WASHINGTON — The Coalition for a Prosperous America (CPA) today announced that the U.S. Private Sector Job Quality Index (JQI) is now 83.59, essentially flat with only a 0.01% increase compared to last month. Meanwhile, the overall October 2024 Jobs Report from the government’s Bureau of Labor Statistics showed only 12,000 jobs added in October. This figure shows extremely low employment gains in October, the lowest since December 2020 amid COVID induced losses. The poor job growth is partially attributed to the impact of the dual hurricanes of Helene and Milton and the extended strike by Boeing employees. However, even with the hurricanes and strikes in mind, economists still projected about 120,000 jobs added in October, far higher than the actual 12,000 jobs gained. Worse still, total private sector employment actually fell by 28,000 jobs. A bad sign for the current administration before the election.
The October jobs report also showed a continuing decline in U.S. manufacturing employment. Total manufacturing employment now stands at 12.87 million (down 46,000 in a single month and down 93,000 since January). Nearly all the manufacturing job losses were in Automotive manufacturing (44,400 job decline). In additional bad news for the economy, August’s job gains were revised downward from 159,000 to 78,000, and September’s gains from 254,000 to 223,000. This amounts to 112,000 fewer jobs gained than previously reported over the past two months. This all spells a gloomy outlook for the economy and almost guarantees the Federal Reserve will cut interest rates by 25-basis-points in November and another 25-basis-points in December.
The JQI, developed by CPA in partnership with other economists, divides the U.S. private sector nonmanagement labor force of 109.6 million employees into 16 sectors and 164 subsectors to evaluate economic trends in national employment. Sectors where the average weekly wage is above the average weekly wage for this group are termed “high-quality jobs” and those below are “low-quality jobs.” The data shows that for over 30 years the U.S. economy has created more low-quality jobs than high-quality.
The October JQI remained essentially unchanged. High quality jobs saw slightly better employment gains, while weekly wages increased slightly more among low quality jobs. The biggest driver of high-quality job gains was from Hospitals (adding 16,100 jobs in September). Other sectors with major job gains were Residential building construction (up 5,000), Building finishing contractors (up 5,000), and Outpatient care centers (up 4,700). However, these job gains were slightly muted by job losses for Other professional, scientific, and technical services (down 5,300 jobs), Nonresidential building construction (down 4,100), Transportation equipment manufacturing (down 2,700), and Architectural, engineering, and related services (down 2,700).
Among low-quality jobs, September employment gains were strongest for Individual and family services (up 18,300), Home health care services (up 14,600), and Full-service restaurants (up 7,600). However, some low-quality job sectors also experienced worse job losses. These include Employment services (down 11,400 jobs), Warehousing and storage (down 8,900), and Amusement, gambling, and recreation industries (down 6,500).

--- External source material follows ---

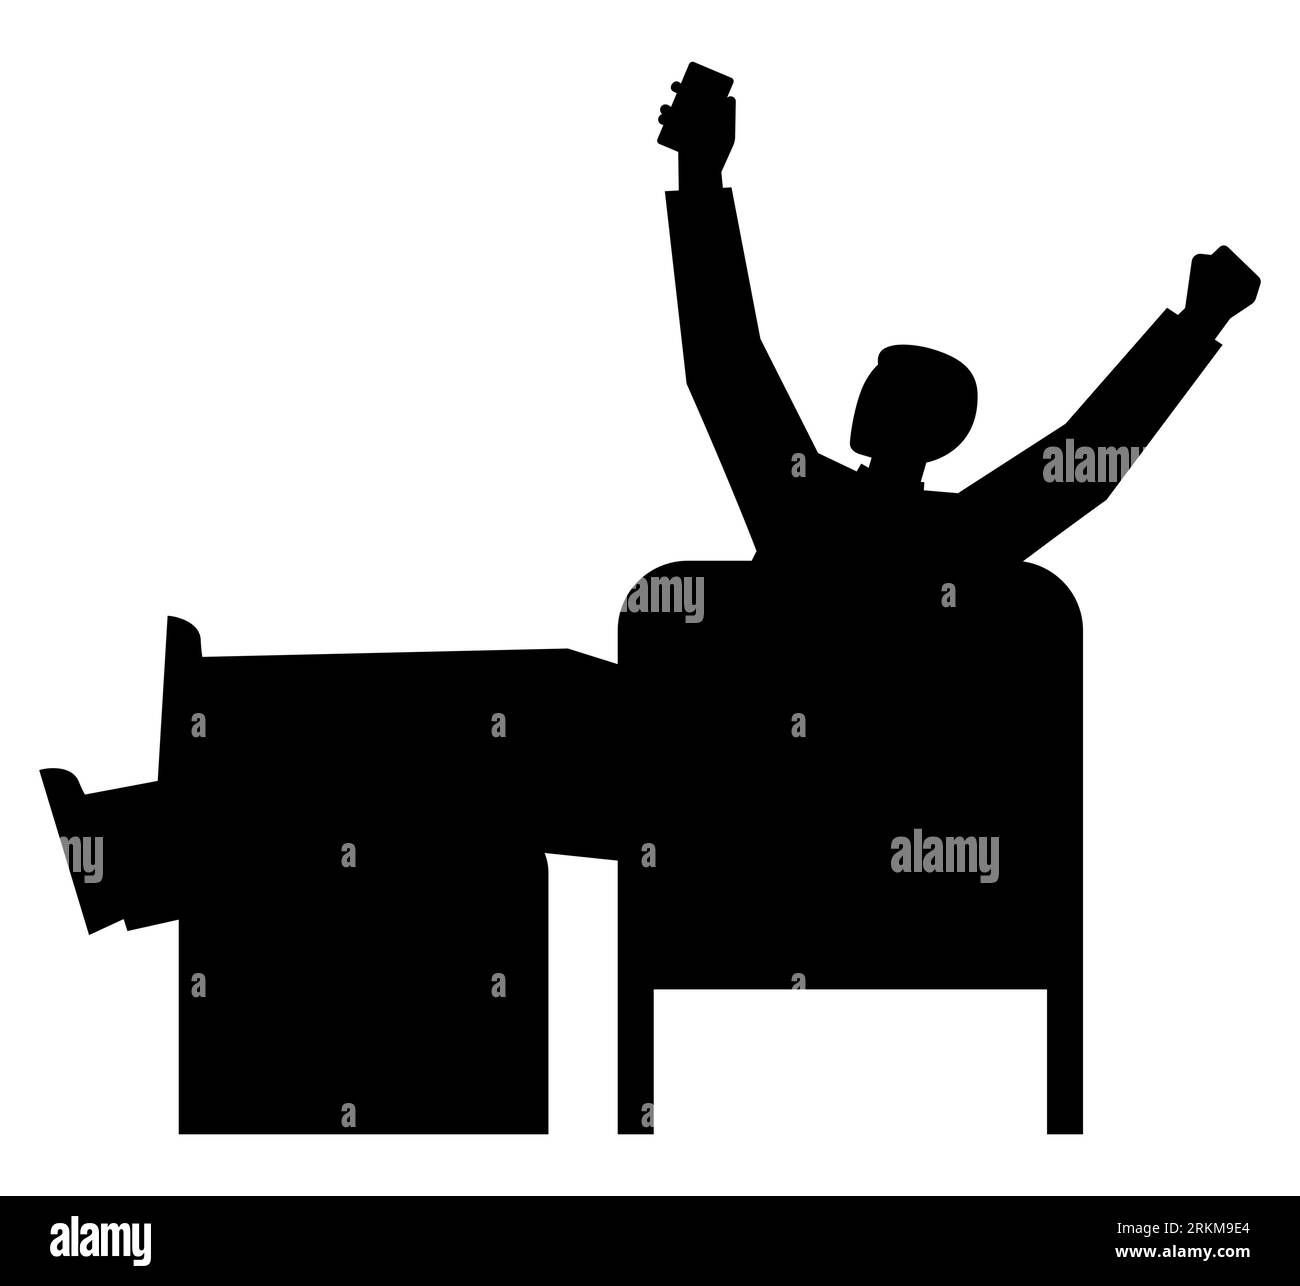 Schwarze Silhouette eines Mannes, der auf einem Stuhl sitzt, ein Mann, der im Fernsehen ein Match beobachtet, ein jubelnder Mann, der Fernsehen schaut, Vektorillustration isoliert auf weiß Stock Vektor

Manufacturing jobs experienced a total decline of 4,000 jobs in September, with higher losses in the high-quality jobs category. Among the worse hit were Transportation equipment manufacturing (down 2,700), Fabricated metal product manufacturing (down 2,300), and Primary metal manufacturing (down 1,400). This was somewhat helped by high-quality manufacturing job gains in Computer and electronic product manufacturing (up 3,900) and Chemical manufacturing (up 2,500). High-quality manufacturing jobs did experience a rise in weekly wages, however. The biggest gains were seen in Chemical manufacturing (up 2.1%) and Nonmetallic mineral product manufacturing (up 1.8%). Paper manufacturing saw the worst loss in weekly wages, declining 0.7%.
Low-quality manufacturing jobs saw roughly flat employment growth in September, with gains in areas such as Textile product mill manufacturing (up 1,000 jobs) being equaled out by losses in sectors like Furniture and related product manufacturing (down 700 jobs). Meanwhile, wages for low-quality manufacturing jobs fell. The only sector to see a rise in weekly wages was Printing & related manufacturing (up 0.9%). This was far outweighed by wage losses, with the hardest hit being Textile product mill manufacturing (down 2.2%) and Apparel manufacturing (down 1.8%).
Overall September wage growth was slightly positive, however. Among high-quality jobs, Agencies, brokerages, and other insurance related activities saw a 2.2% wage increase. And the highest wage losses were minor, with Automobile dealers seeing a 0.2% decline. The story is similar for low-quality job wage growth. Skilled nursing care facilities, Limited-service restaurants, and Traveler accommodation all saw weekly wage growth above one percent (1.41%, 1.18%, and 1.02% respectively). This overshadowed the more minor wage losses seen in Warehousing and storage as well as Home health care services (down 0.63% and 0.37% respectively).